5. Go back to the DataWorks console.
  In the left navigation pane, choose Data Integration > Data Integration.
6. In the left navigation pane, select Sync Task, click Create Synchronization Task, and then configure the data source information in the Create Sync Task dialog box.
  For more information, see Configure a real-time synchronization task for an entire database.

Data Integration synchronization features

DataWorks Data Integration supports synchronizing data from other data sources into MaxCompute. For example, you can synchronize data from databases such as ApsaraDB RDS into MaxCompute. The synchronization principles and supported features vary depending on the scenario.

Batch synchronization provides Reader and Writer plug-ins to read data from and write data to data sources.
- In a batch import scenario, each batch synchronization node can import data from one or more tables into a single MaxCompute table.
Real-time synchronization supports combining various input and output data sources to create a synchronization link.
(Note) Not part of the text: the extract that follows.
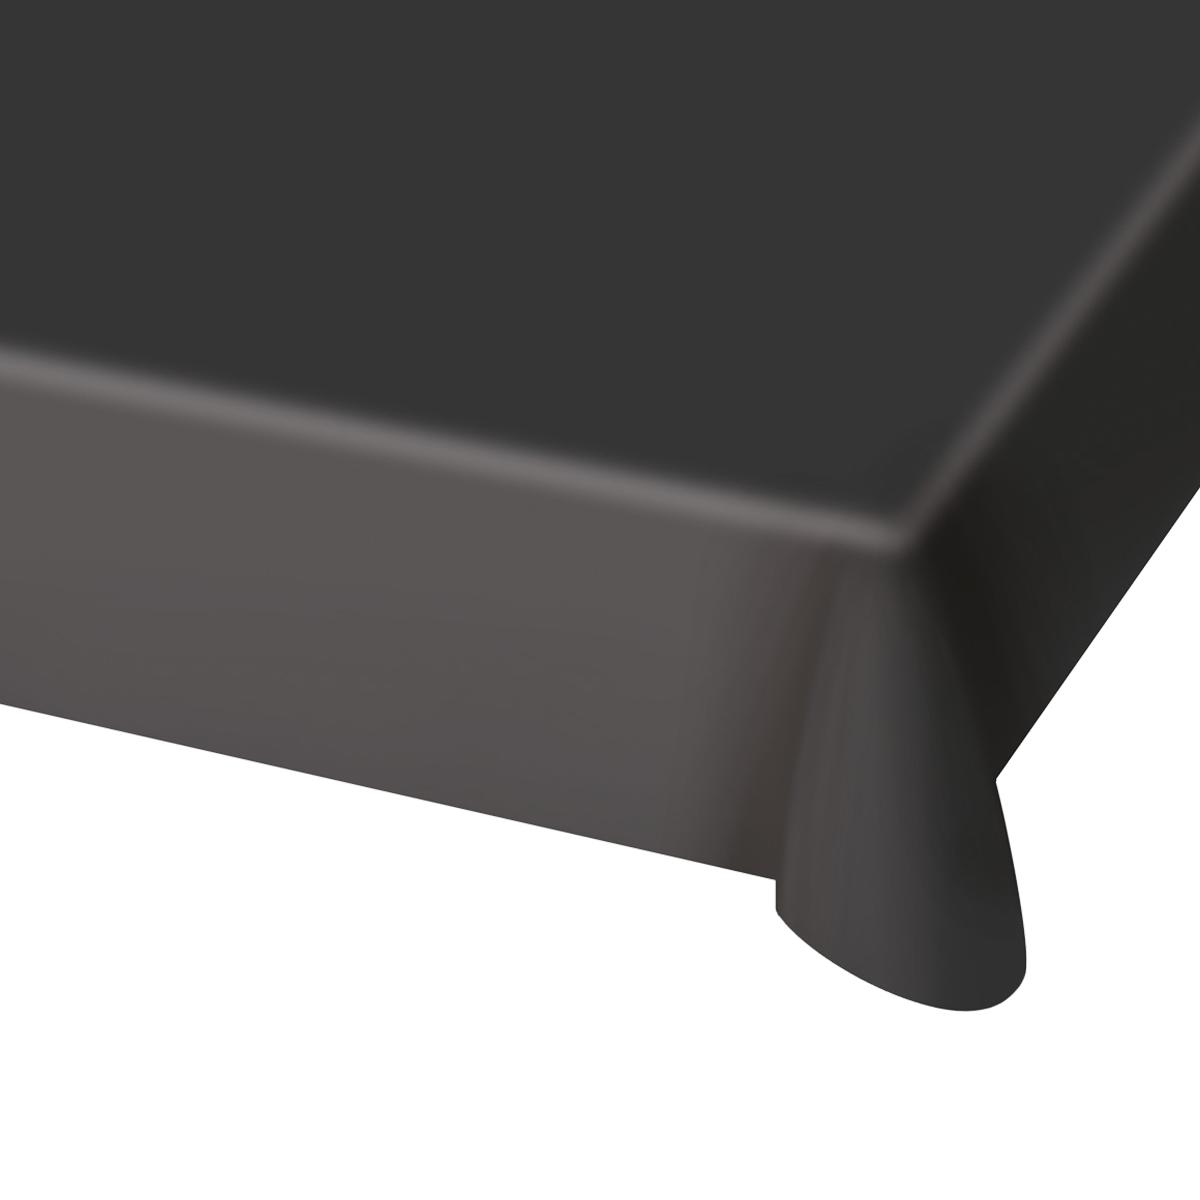 Duk, svart 180x130 cm

This link can perform real-time incremental synchronization for a single table or an entire database.
Data Integration also provides synchronization solutions for various scenarios that involve different data sources. These solutions support scenarios such as batch synchronization for an entire database and full and incremental real-time synchronization.

The following table describes the data synchronization features that are supported for MaxCompute.

Offline synchronization		Real-time synchronization				Synchronization Solutions
Read from single table	Write to single table	Read incremental data from single table	Write incremental data to single table	Read incremental data from entire database	Write incremental data to entire database	Read from entire database (batch)	Write to entire database (batch)	Read full and incremental data from single table/entire database (real-time)	Write full and incremental data to single table/entire database (real-time)
		-		-		-		-

For more information about the data synchronization features that DataWorks Data Integration provides for MaxCompute, see MaxCompute data source.

Billing

To use DataWorks Data Integration for data synchronization, you need to use Data Integration resource groups and scheduling resource groups. You can use shared or exclusive resource groups based on your requirements. If data is transferred over the Internet, you may be charged for data transfer costs.

For more information about the billing of Data Integration resource groups, see Billing of exclusive resource groups for Data Integration: Subscription and Billing of shared resource groups for Data Integration (debugging): Pay-as-you-go.
For more information about data transfer costs, see Internet traffic billing.
For more information about the billing of scheduling resource groups, see Billing of exclusive resource groups for scheduling: Subscription and Billing for shared resource groups for scheduling.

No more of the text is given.